** Supplied records follows **

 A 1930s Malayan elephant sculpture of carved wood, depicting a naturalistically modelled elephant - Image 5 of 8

** End of Supplied records **
** Supplied records follows **

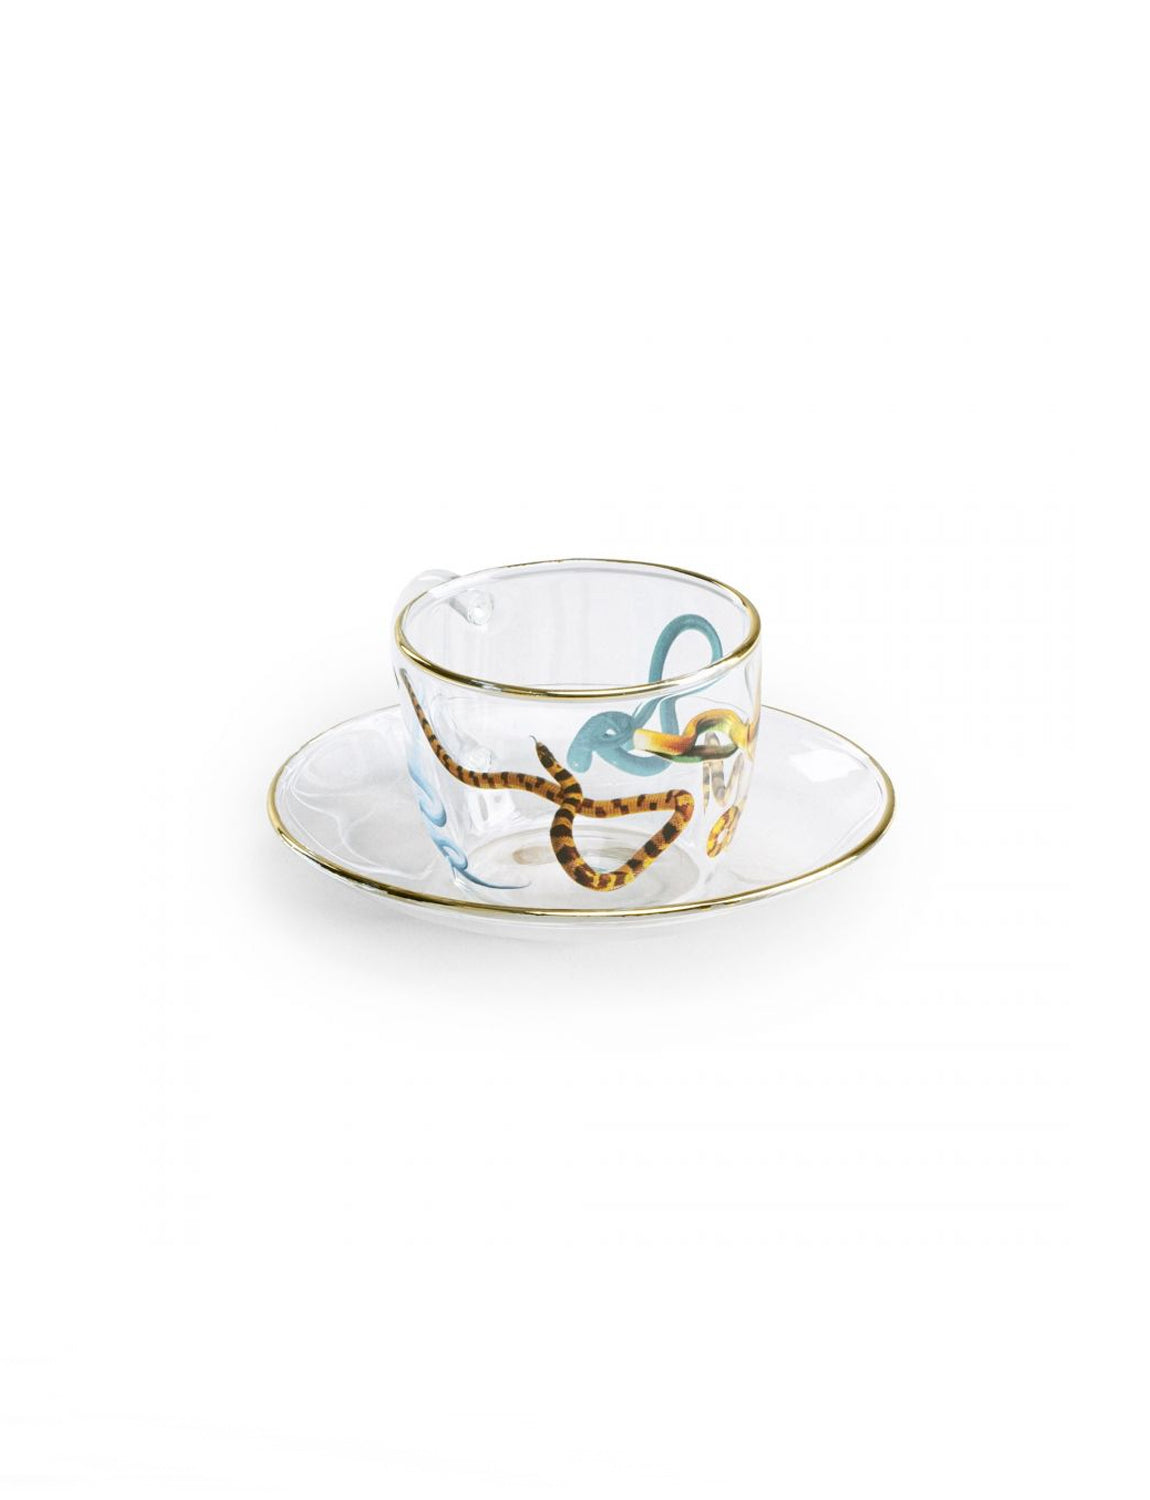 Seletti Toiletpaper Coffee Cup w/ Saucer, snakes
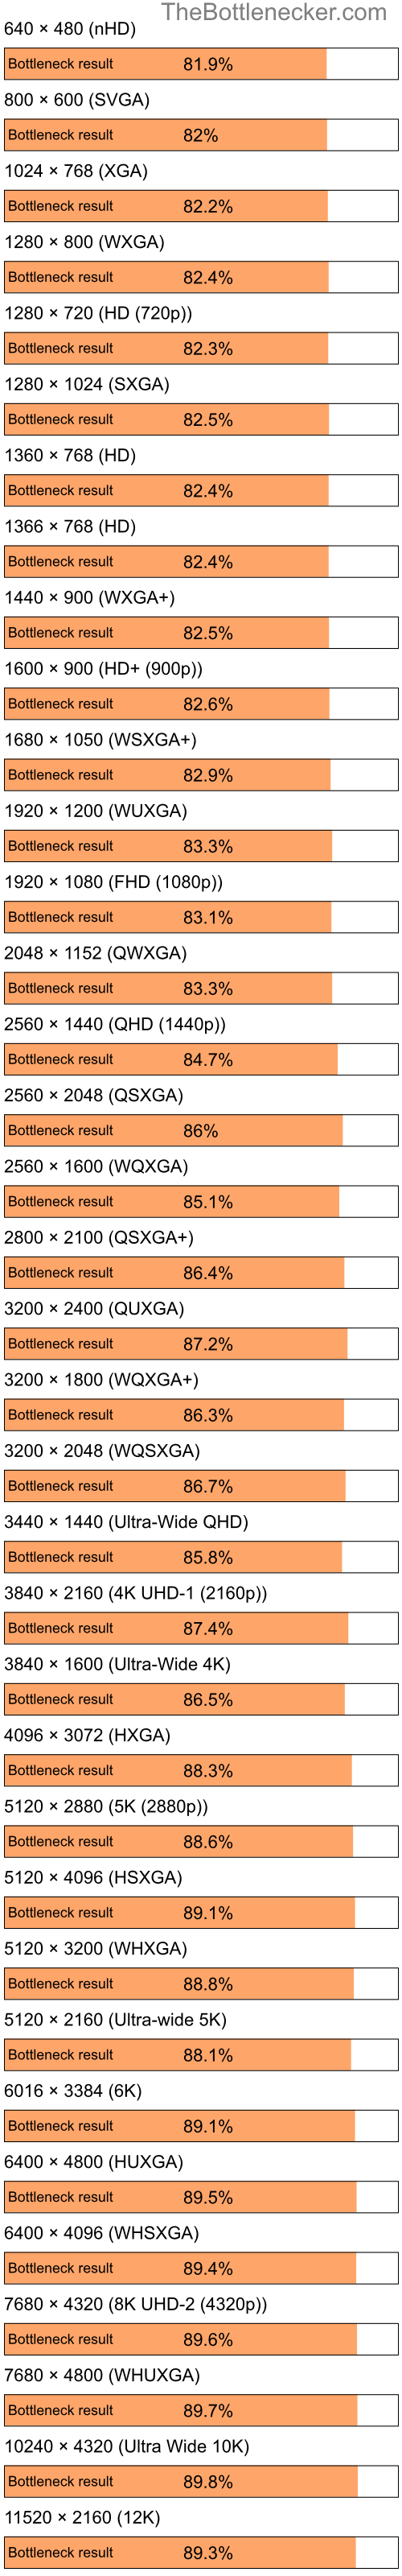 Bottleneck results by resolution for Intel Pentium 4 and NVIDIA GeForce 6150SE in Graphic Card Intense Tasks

** End of Supplied records **

Exercise details:
Would you please reproduce the entries above, starting at the line with "Seletti Toiletpaper Coffee" and stopping after the line with "Bottleneck results by"? Omit any pictures.

The answer:
 Seletti Toiletpaper Coffee Cup w/ Saucer, snakes
 Bottleneck results by resolution for Intel Pentium 4 and NVIDIA GeForce 6150SE in Graphic Card Intense Tasks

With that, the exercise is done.